THE PROBLEM: Except for images, print the whole listing verbatim.

DATA BLOCK:
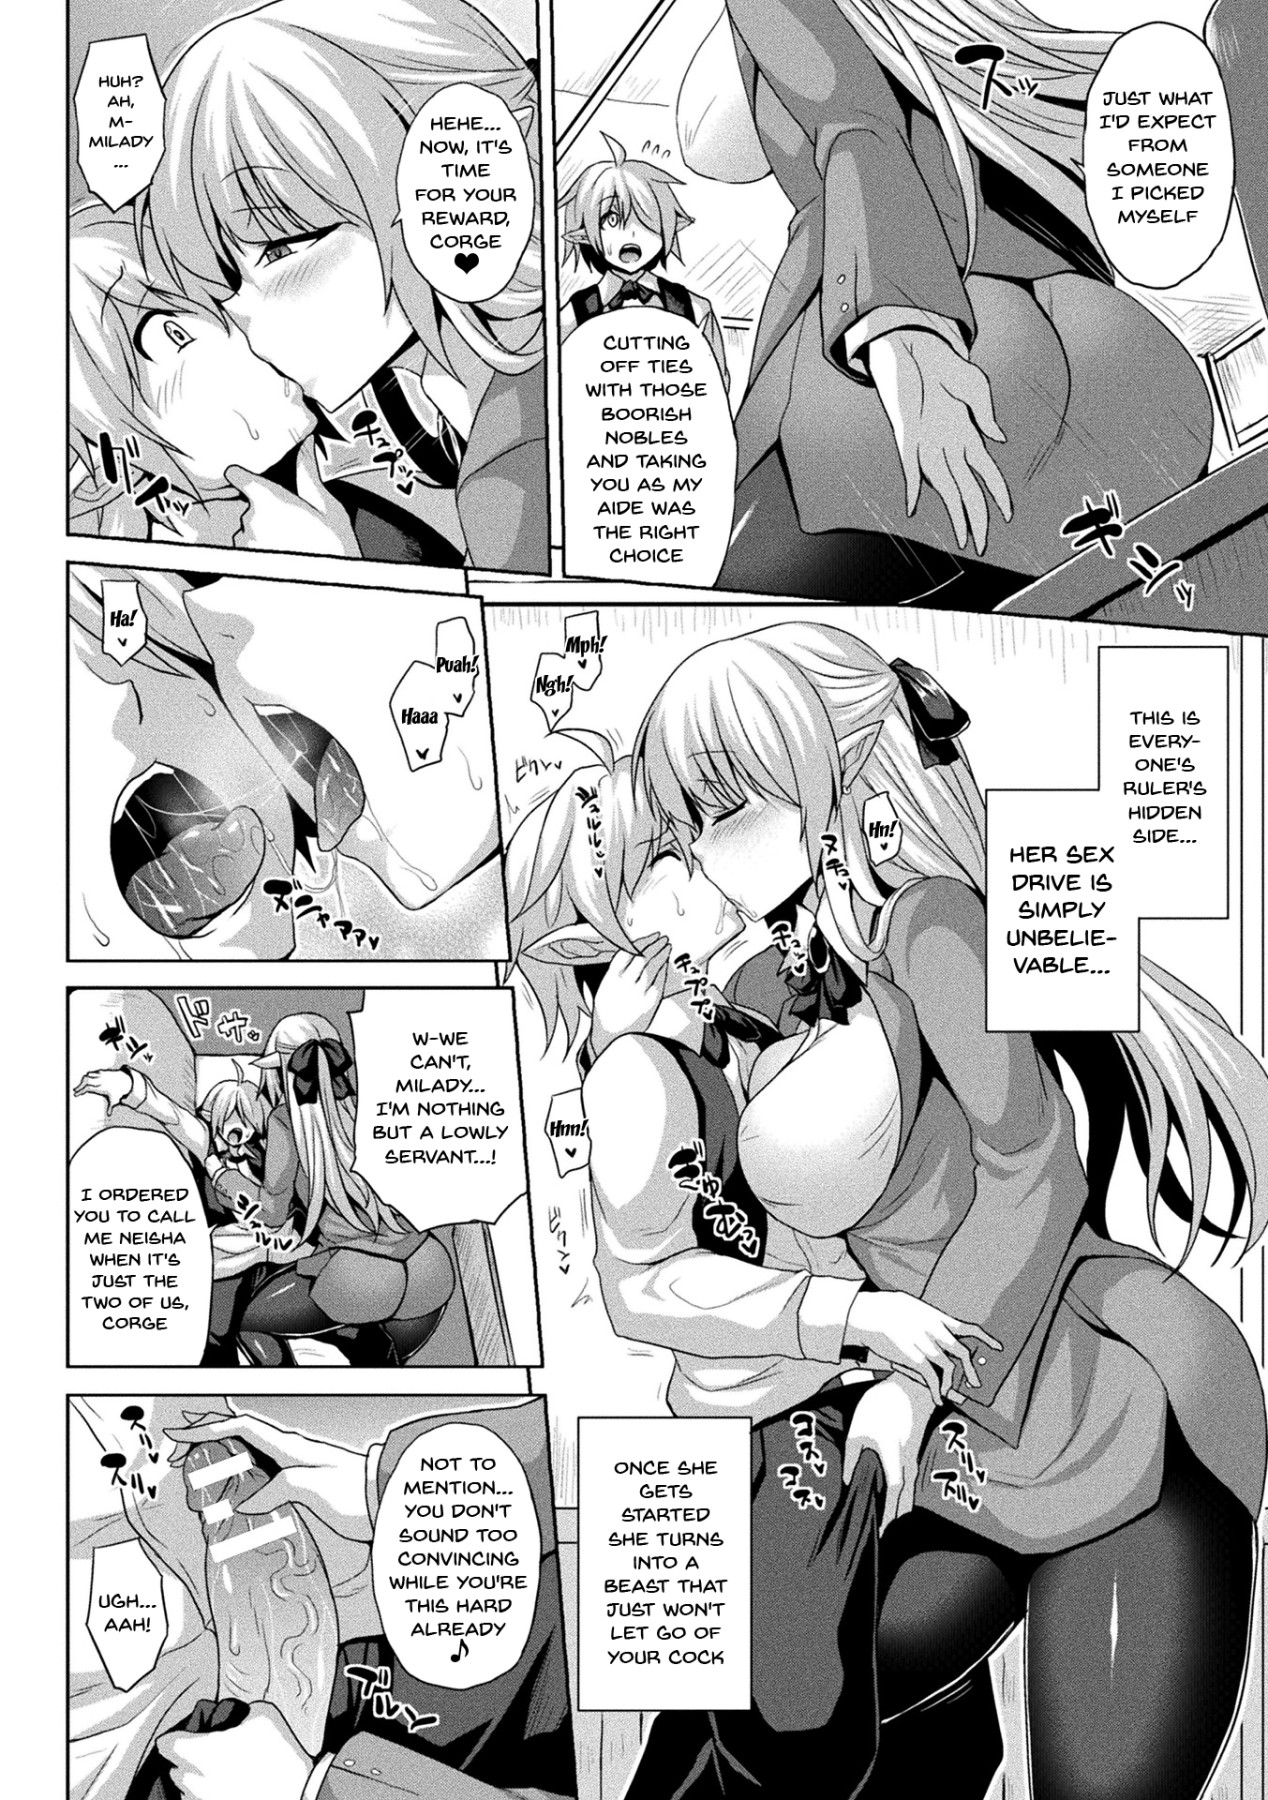 Hentai Manga Comic-The Woman Who's Fallen Into Being a Slut In Defeat-Chapter 6-2
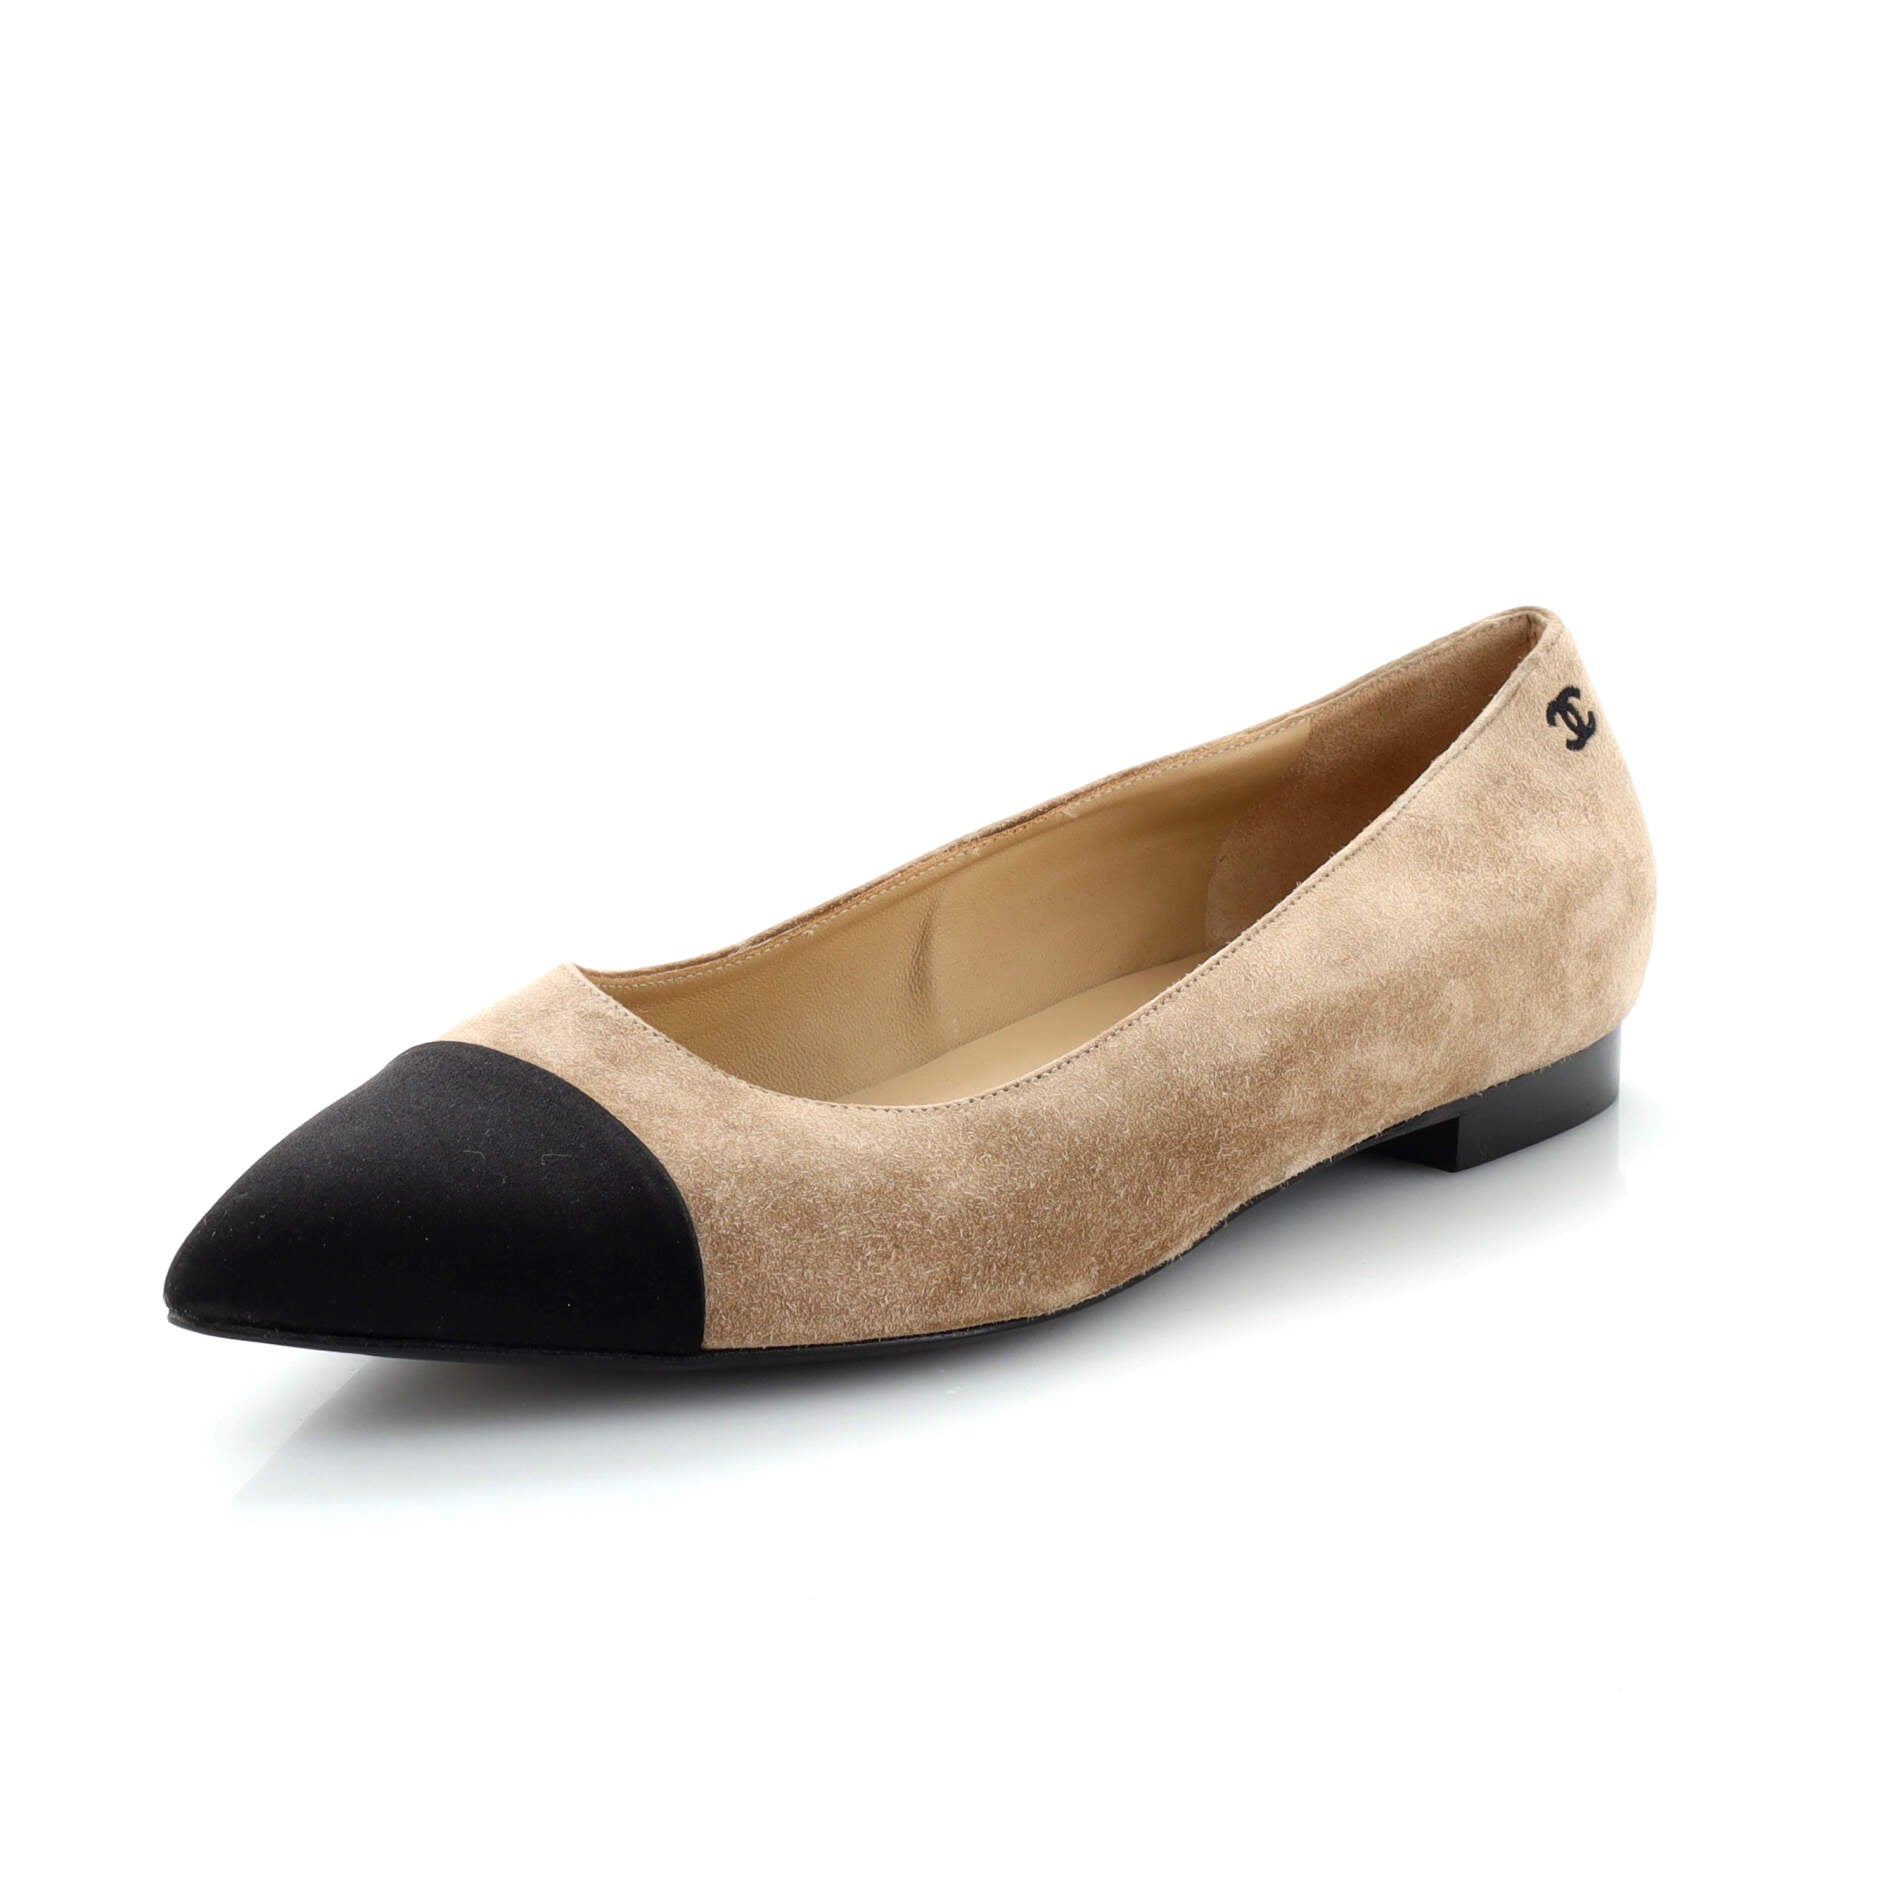 Women's CC Pointed Cap Toe Flats Suede
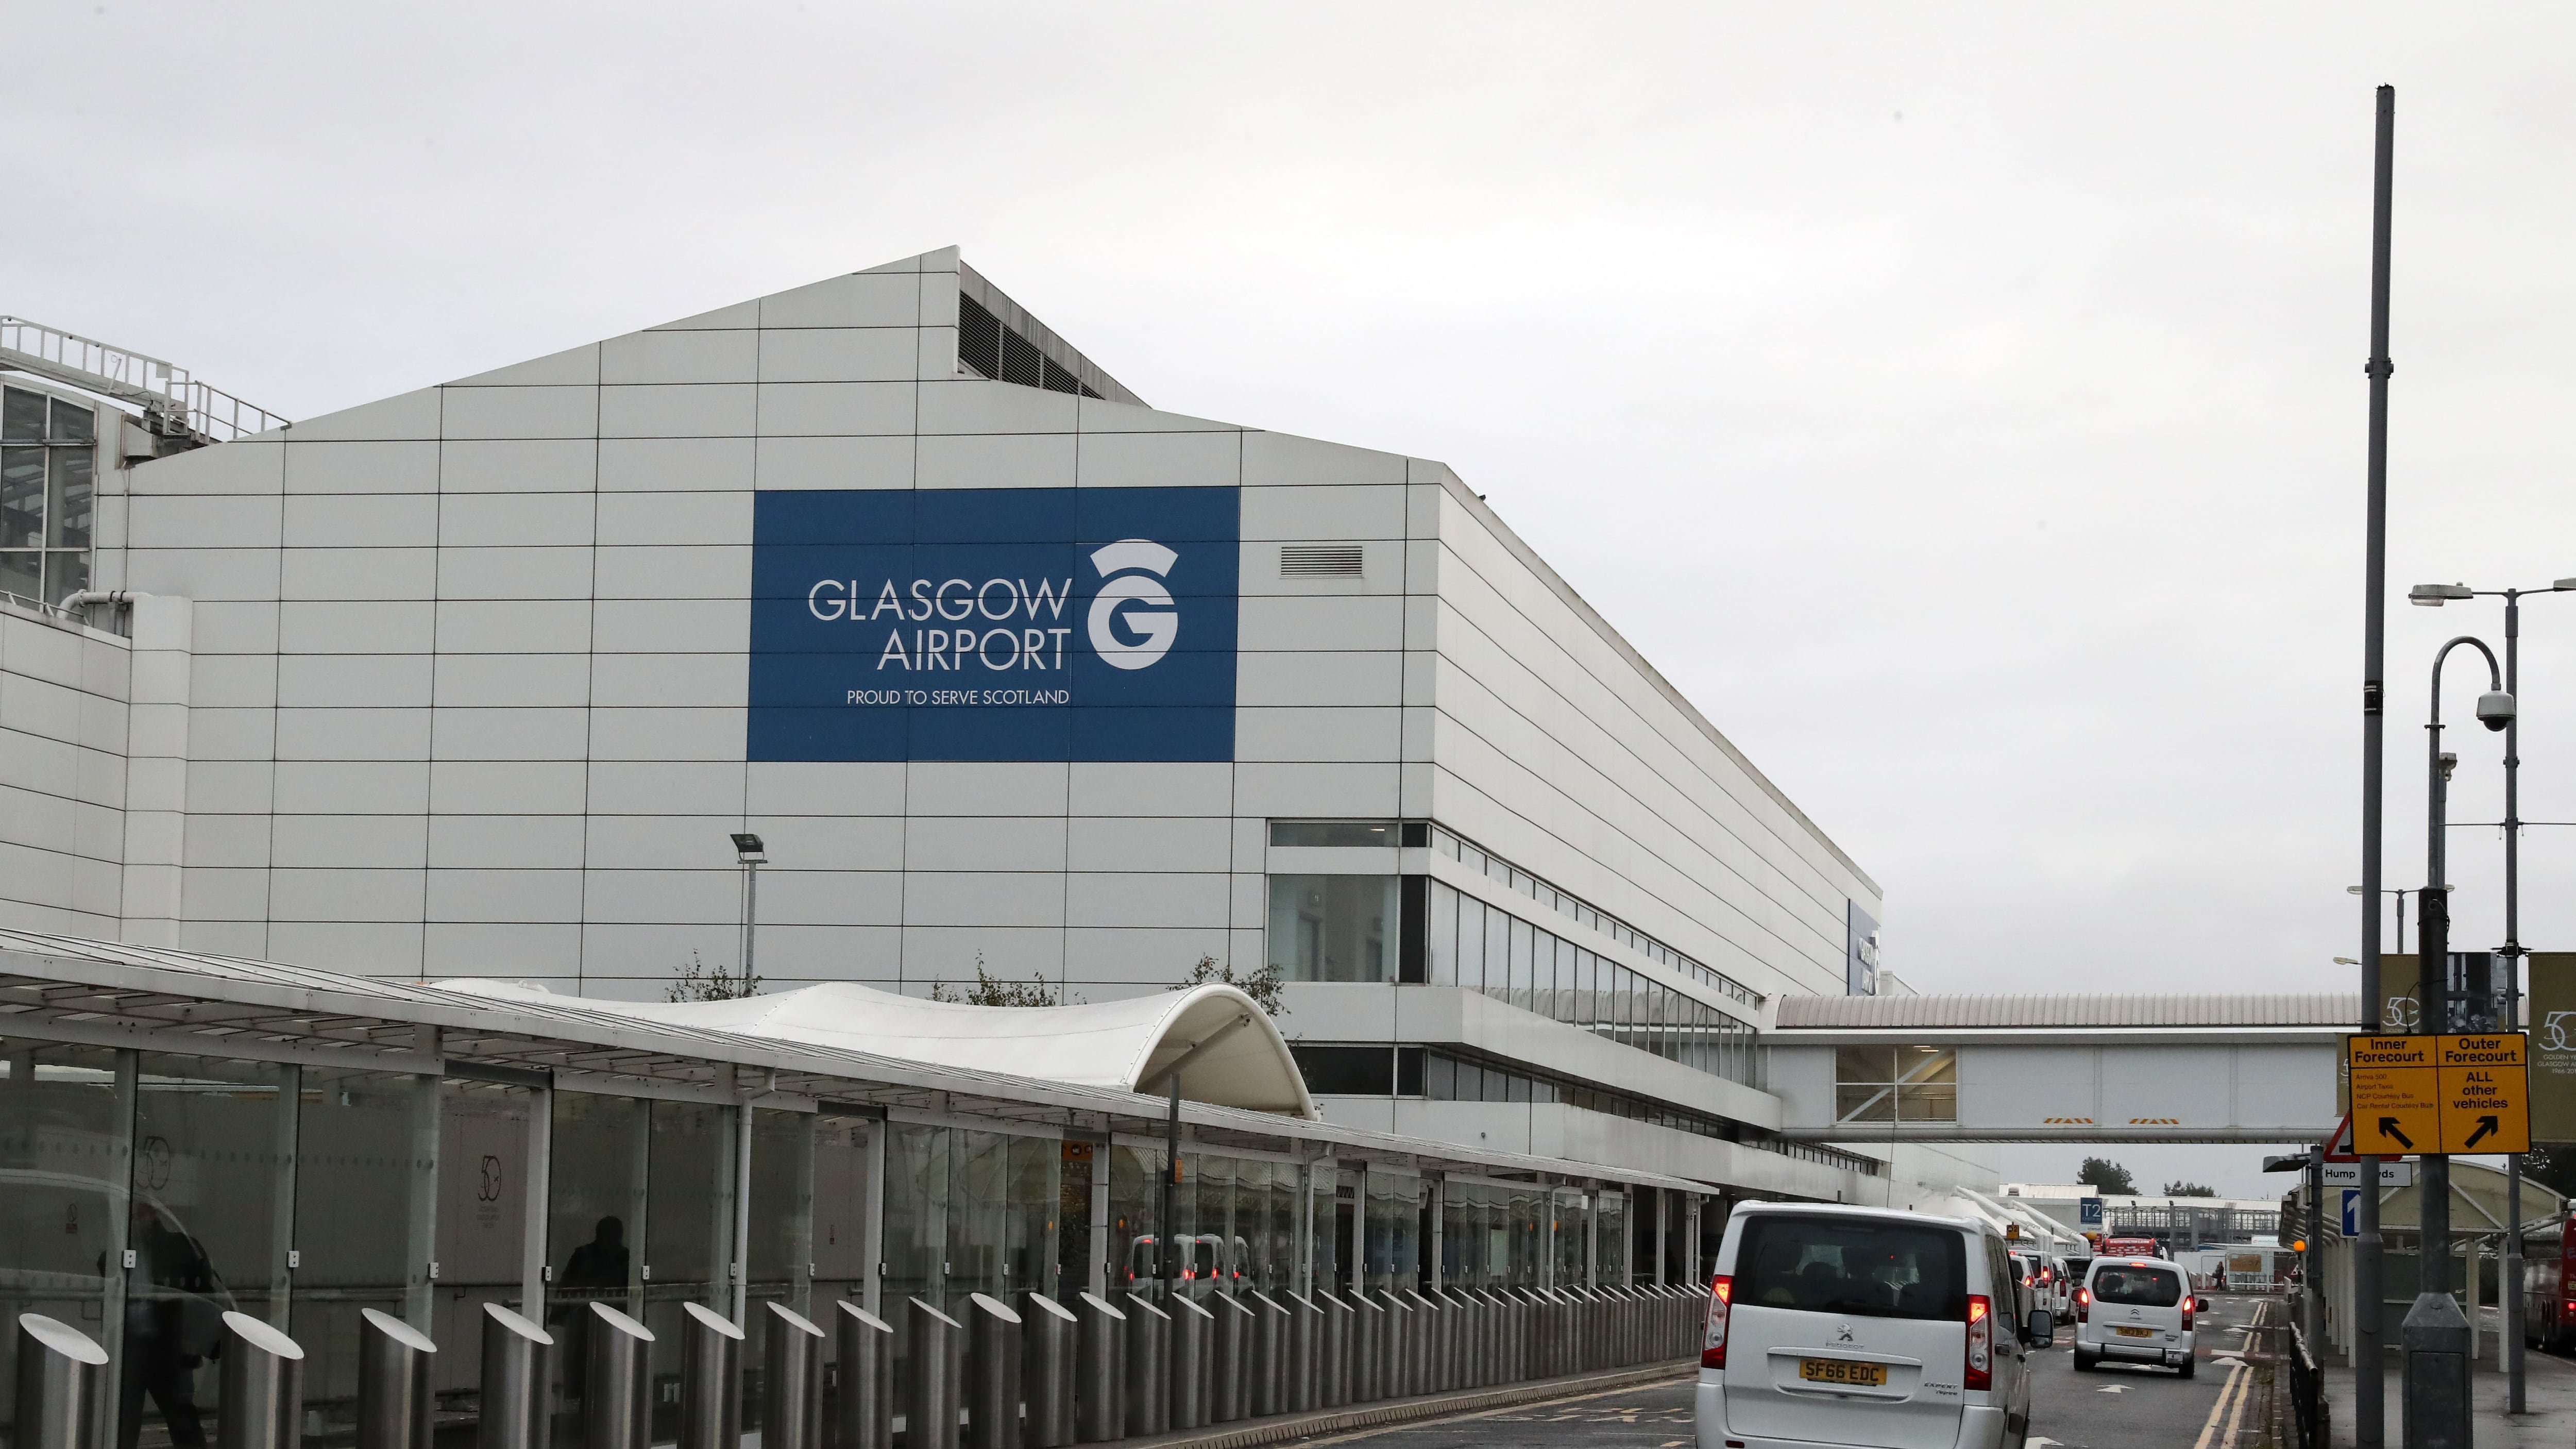 Workers at Glasgow Airport will be among those balloted for industrial action

WRITTEN SOLUTION:
 Hentai Manga Comic-The Woman Who's Fallen Into Being a Slut In Defeat-Chapter 6-2
 Women's CC Pointed Cap Toe Flats Suede
 Workers at Glasgow Airport will be among those balloted for industrial action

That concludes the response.